Navigating Challenges and Optimizing Funding in the Elfa Loftus Development
The elfa Loftus development, undertaken by Insta projects, faced notable hurdles including rapid partner selection, project pauses, and quality control issues, ultimately extending the initial nine-month timeline by six months. Despite thes challenges, the project maintained investor confidence and highlighted the benefits of focused funding solutions.
Initially, the project required swift selection of construction partners. This urgency, coupled with unforeseen issues requiring extensive rework – such as the complete replastering of the second and third floors due to unsatisfactory quality - contributed to delays.

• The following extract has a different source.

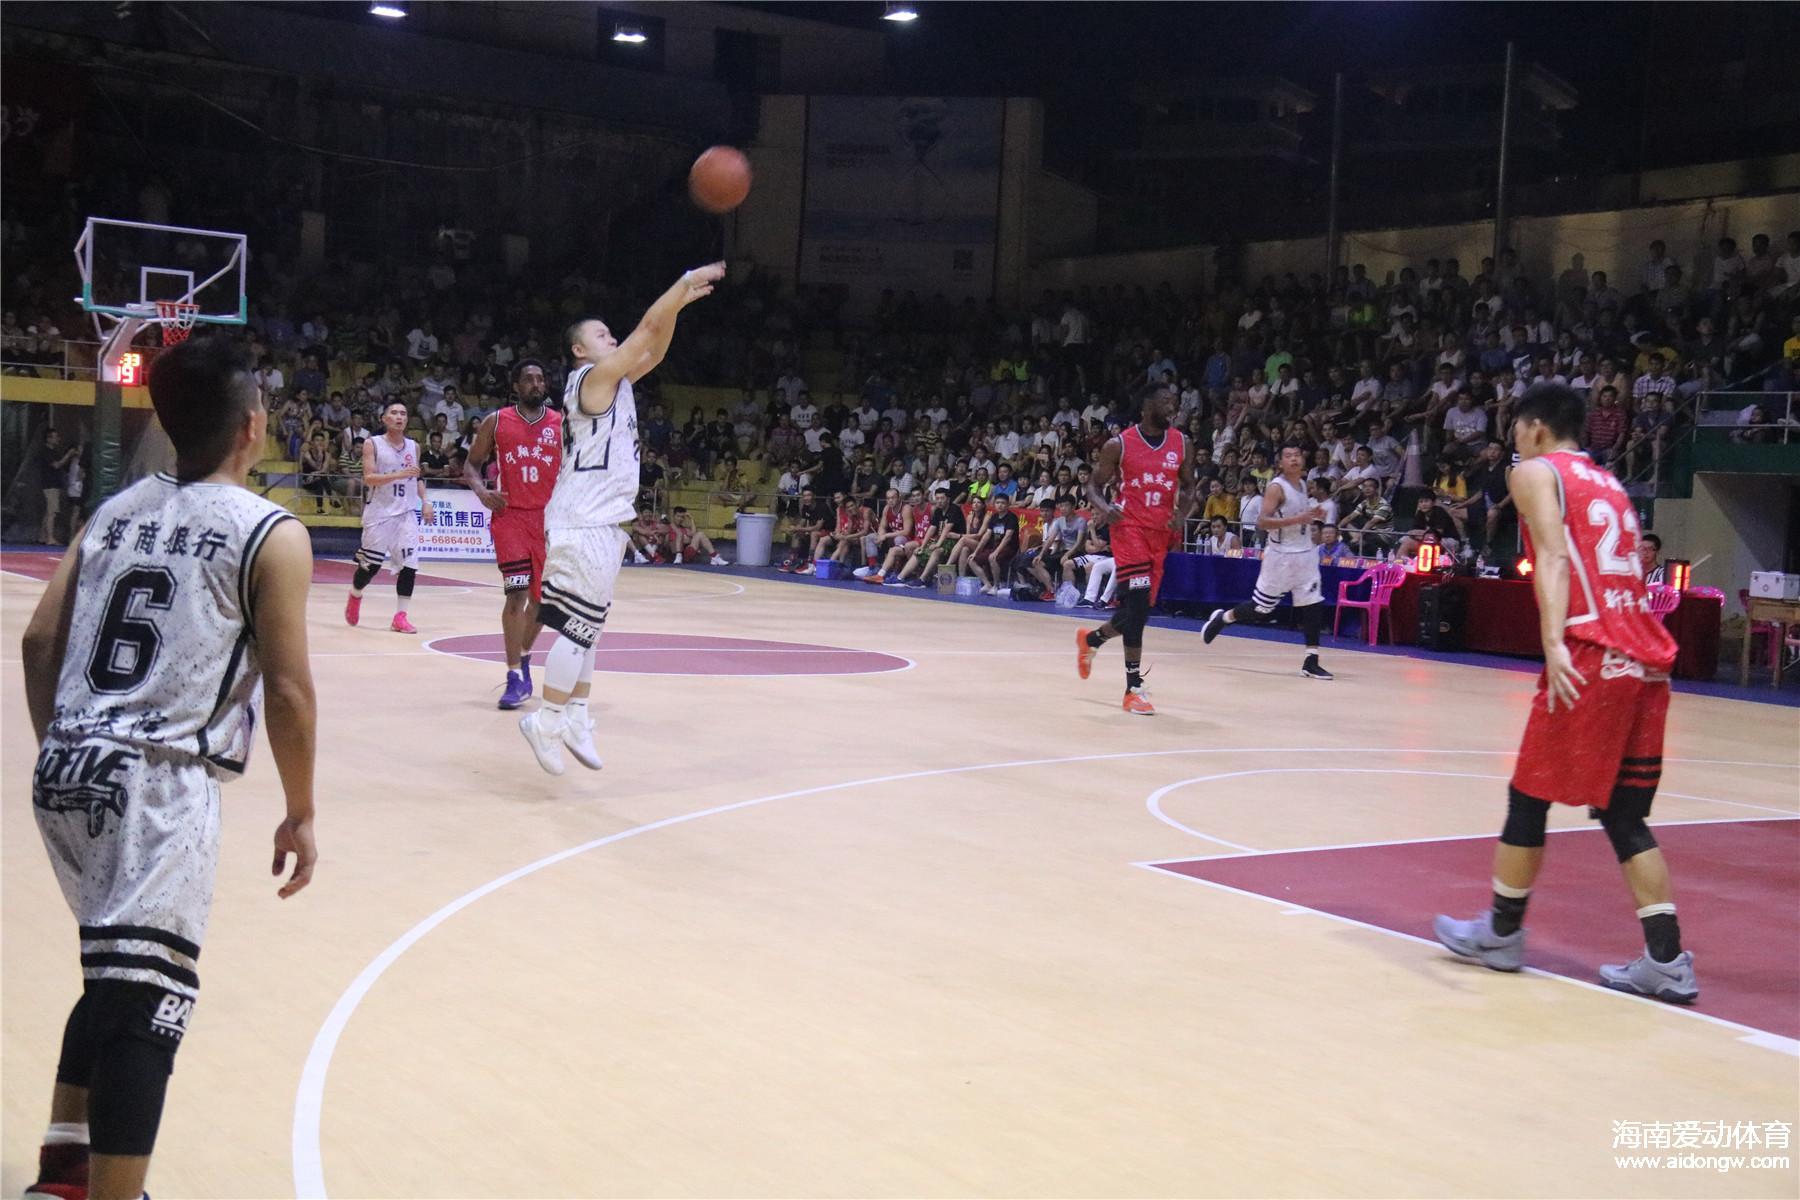 【视频】海口市篮球联赛友谊赛:海口篮协VS招商银行

J. Rutkauskas, of Insta projects, emphasized the importance of prioritizing quality over speed, stating, ”It is indeed better and cheaper to repair and do quality now than to repair a broken wall after a few years and to suffer for reputation. After all, the object has guarantees.” The goal was to ensure long-term quality and avoid future defect repairs.
Insta projects employed both project and work managers to oversee construction phases, eventually assuming full project management duty. The work was divided into smaller, manageable components and assigned to various teams. However, the quality of work from approximately 80% of the newly hired brigades proved unsatisfactory, necessitating frequent changes and contributing to the extended timeline.
Dialogue proved crucial throughout the process. A. Satkūnas highlighted the developer’s openness in informing investors about the delays, attributing them to objective reasons and the need to maintain quality standards. This communication was reinforced by the fact that preliminary purchase contracts for nearly all the planned lofts were already signed or in progress, and that 24 developers intended to retain their lofts for rental purposes. J. Rutkauskas further maintained transparency by regularly sharing construction progress photos on social media.
Financially, the project was initially funded through Insta projects’ own resources, contributions from initial buyers, and investments from physical investors. While Profitus was prepared to offer financing, Insta projects utilized previously established funding methods, which ultimately proved more expensive. J. Rutkauskas now recognizes the potential benefits of leveraging Profitus’ funding options for materials and labor costs, stating, “If I had said more and asked Aurimas, I would have implemented Elfos Loftus more financially rational.”
The experience underscores the value of consulting with financial specialists before embarking on new projects. Profitus notes a growing trend of real estate developers, both large and small, utilizing focused funding as a viable alternative to customary bank or credit union loans, especially due to its speed and accessibility.A. satkūnas confirmed Profitus’ continued interest in supporting future projects led by Justas, citing Insta projects’ reliability as a key factor.